RE3 and REVC

4 min 619 words
Antonio Karlo Mijares Avatar

A while back, I saw a Reddit post from r/linux_gaming where a reverse engineering project of Grand Theft Auto: III and Vice City was taken down by Take Two for copyright infridgement. Having never heard of the project, I've decided to research about it, and I wished I'd have known about this project sooner.

What is it?

re3/reVC was a fan made reverse engineering project of the two most popular games, Grand Theft Auto: III and Grand Theft Auto: Vice City that was released back in the early 2000s. This project was meant to optimize both games in a way that it can run on modern and handheld machines (i.e Nintendo Switch), while also applying fixes that would have appeared on the original games. Unfortunately Take Two, the parent company of Rockstar Games, saw this as copyright infridgement, so they sent out a DMCA notice to Github to take down the project. Fortunately, about a month or two later, the developers were able to counter the DMCA and was able to continue hosting and push out more updates until it was taken down again last month.

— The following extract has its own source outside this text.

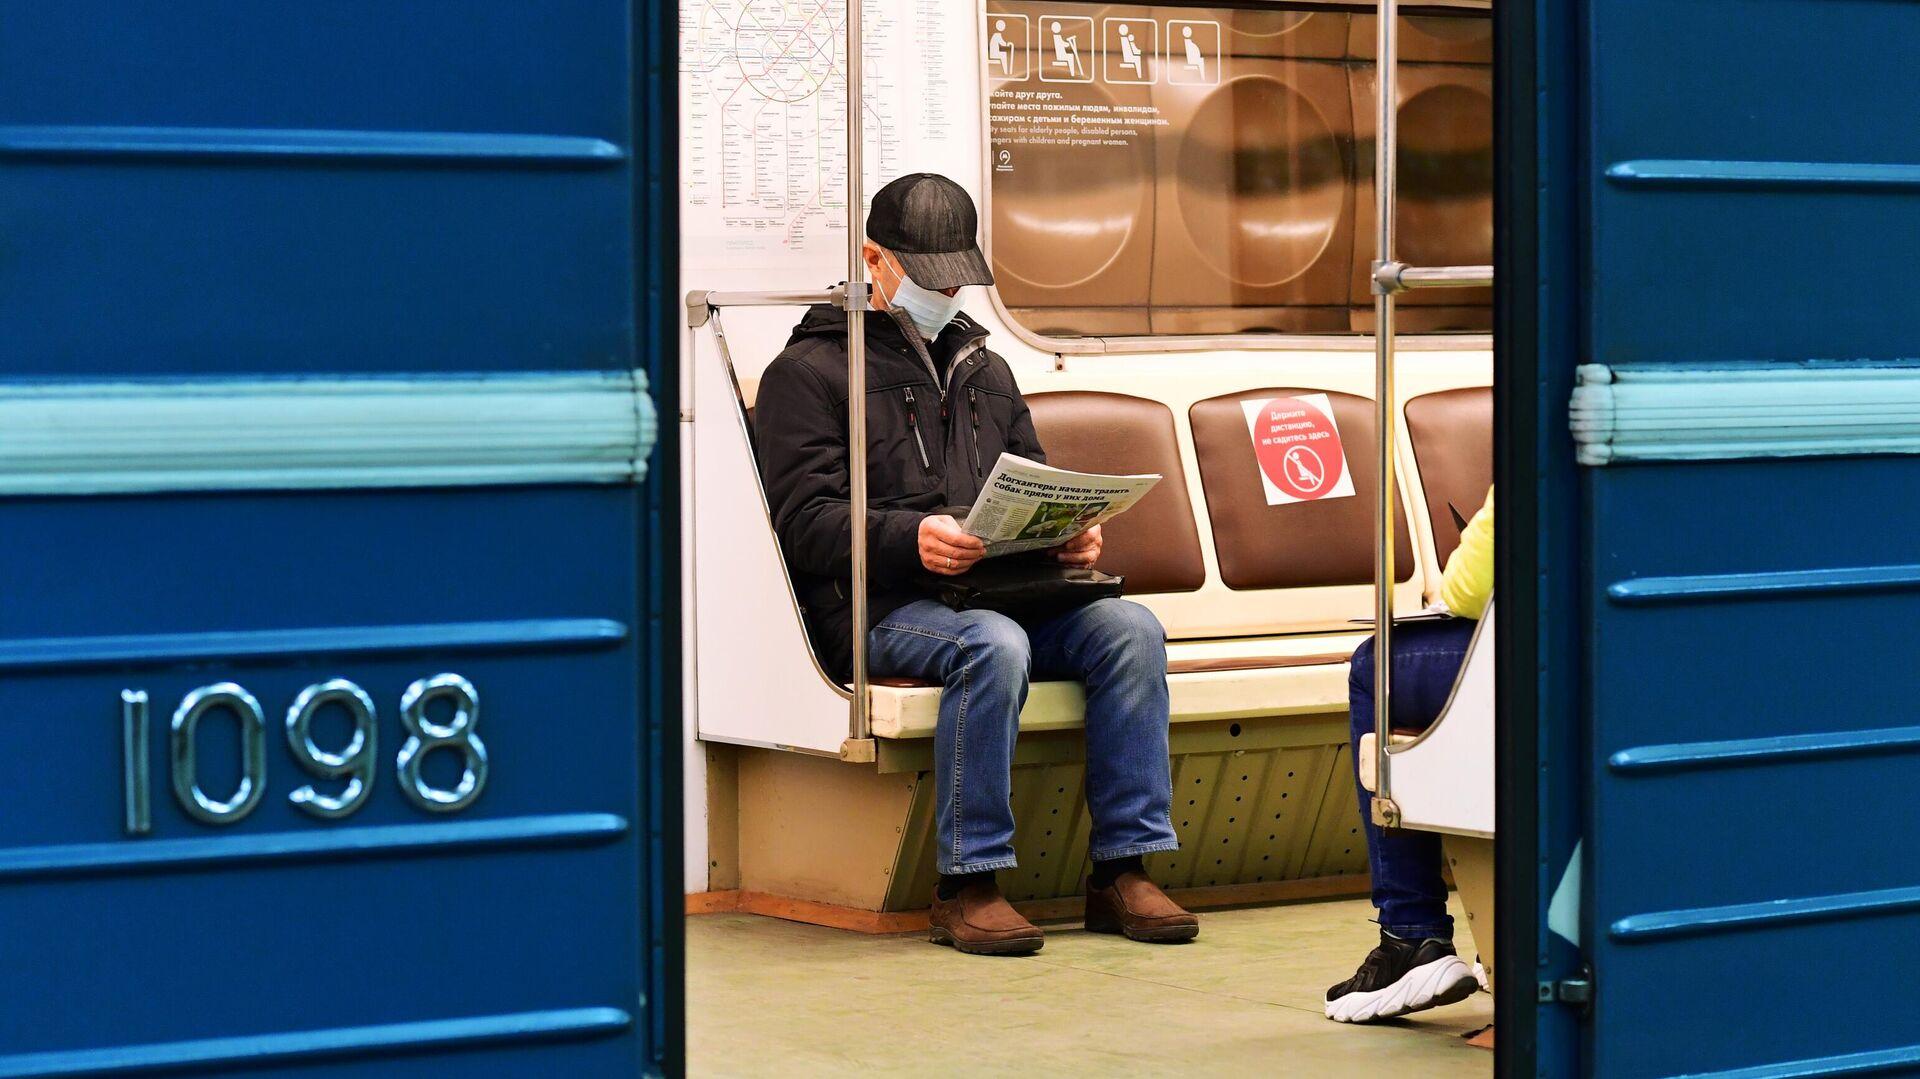 Пассажир в медицинской маске в вагоне поезда на станции метро Марьино Московского метрополитена - РИА Новости, 1920, 01.12.2020

Even though the updated code has been taken down, I was still interested in the project and run it on my machine. Since the code was on Github, people would download their own copy and re-upload it to other sites. After some reasearching, I was able to grab the latest code files, and compile it. Since I was successful in building the code, I wanted to share my results, gameplay and instructions on compiling the code.

How I compiled the code

Note: Instructions can also be found in the video description. This was built on Arch Linux, using the Zen Kernel (5.14.9)

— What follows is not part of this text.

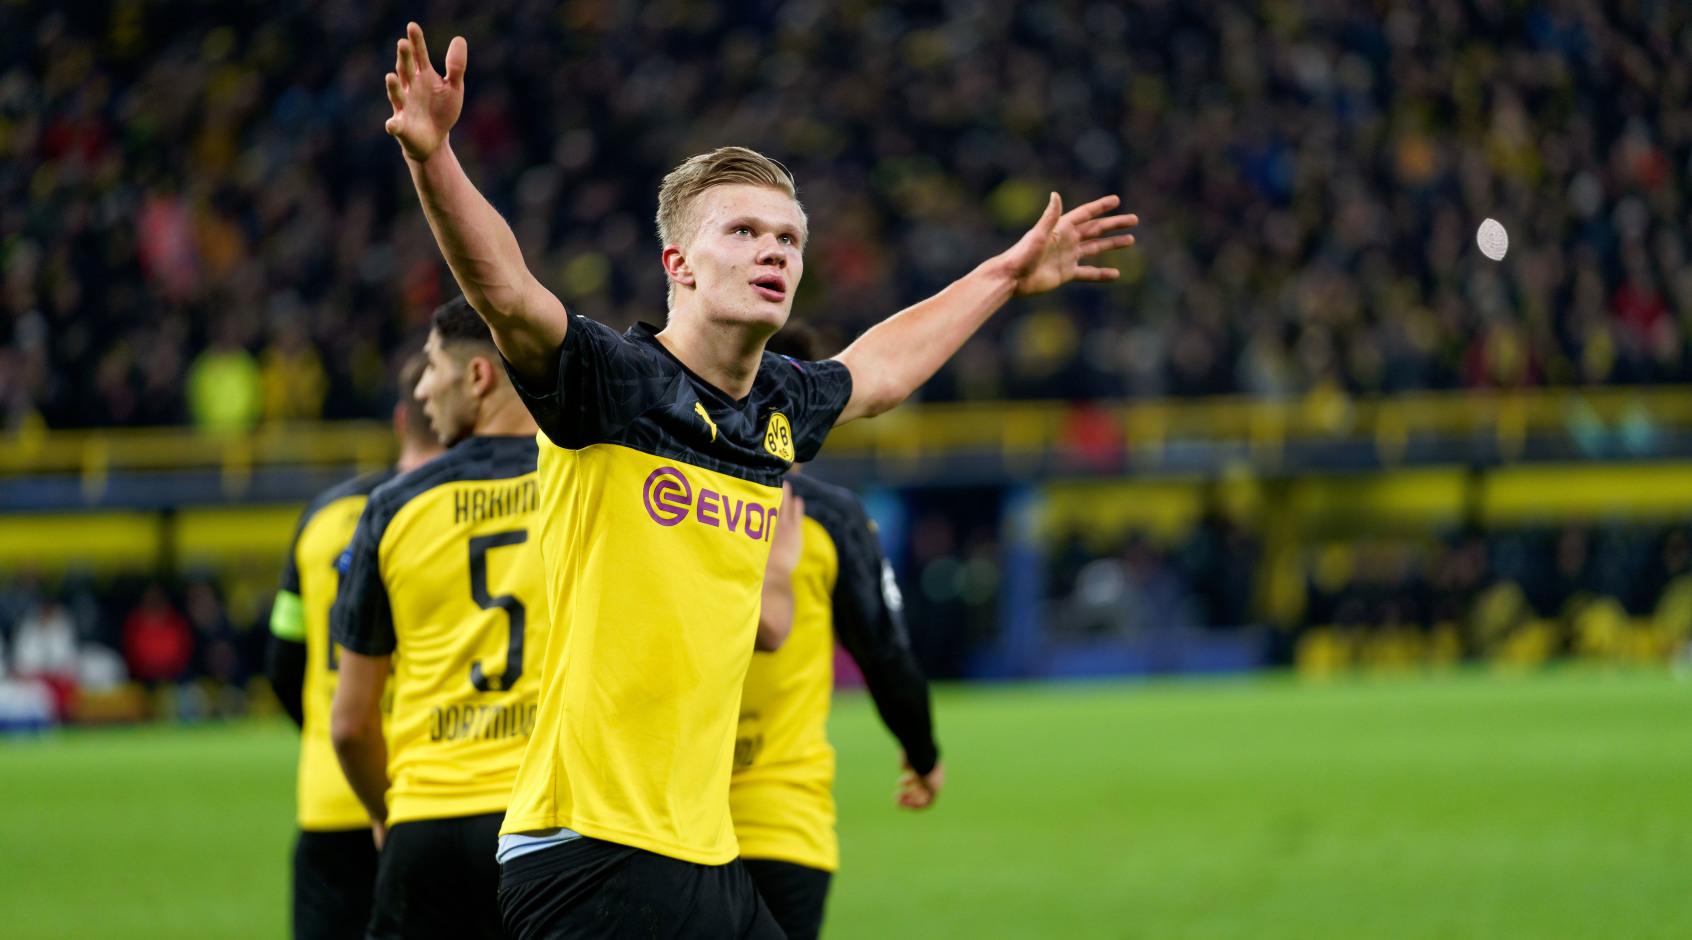 Холанд - первый игрок младше 21 года, забивший более 40 голов в топ-5 лигах Европы с 1997 года

  1. Install the following packages (These are packages for Arch, so you might need to research for the appropriate packages for your desired distro):
    • glew
    • glfw-x11 (or glfw-wayland if you are on Wayland)
    • libsnd
    • mpg123
    • openal
    • cmake
    • premake
    • dos2unix (Might be needed if some of the scripts aren't properly formatted, depending on where you grabbed the source code)
  2. Download and extract the source code (Can be grabbed from archive.org, just search for "RE3 and REVC Source Code Backups")
  3. Assuming you're already have a terminal open, cd to the re3 directory (ex. /path/to/extracted/code/revc/re3)
  4. Add execute permissions to the premake5Linux and printhash.sh script files
  5. Run the command: dos2unix printhash.sh (This might not be needed if you have grabbed the source code from somewhere else)
  6. Run the command: ./premake5Linux --with-librw gmake2 (if your CPU is ARM/ARM64, you will need to build premake5 first before running this command. You'll need to find instructions on how to do that though)
  7. cd to the build directory and run the command: make config=release_linux-amd64-librw_gl3_glfw-oal (or type make help to choose your appropriate config)
  8. Once compiled, Copy the all the contents of re3/gamefiles and re3/bin/linux-amd64-librw_gl3_glfw-oal/Release to the game root directory
  9. To run the game, cd to the game root directory and type: ./reVC

My thoughts

Doing this mini project made me continue appreciating the modding community in PC Gaming, whether it be for fixes that companies won't patch, or even the fun texture mods that we're all familiar with, running a 20 year old game on a modern machine wouldn't really exist if mods like these exist.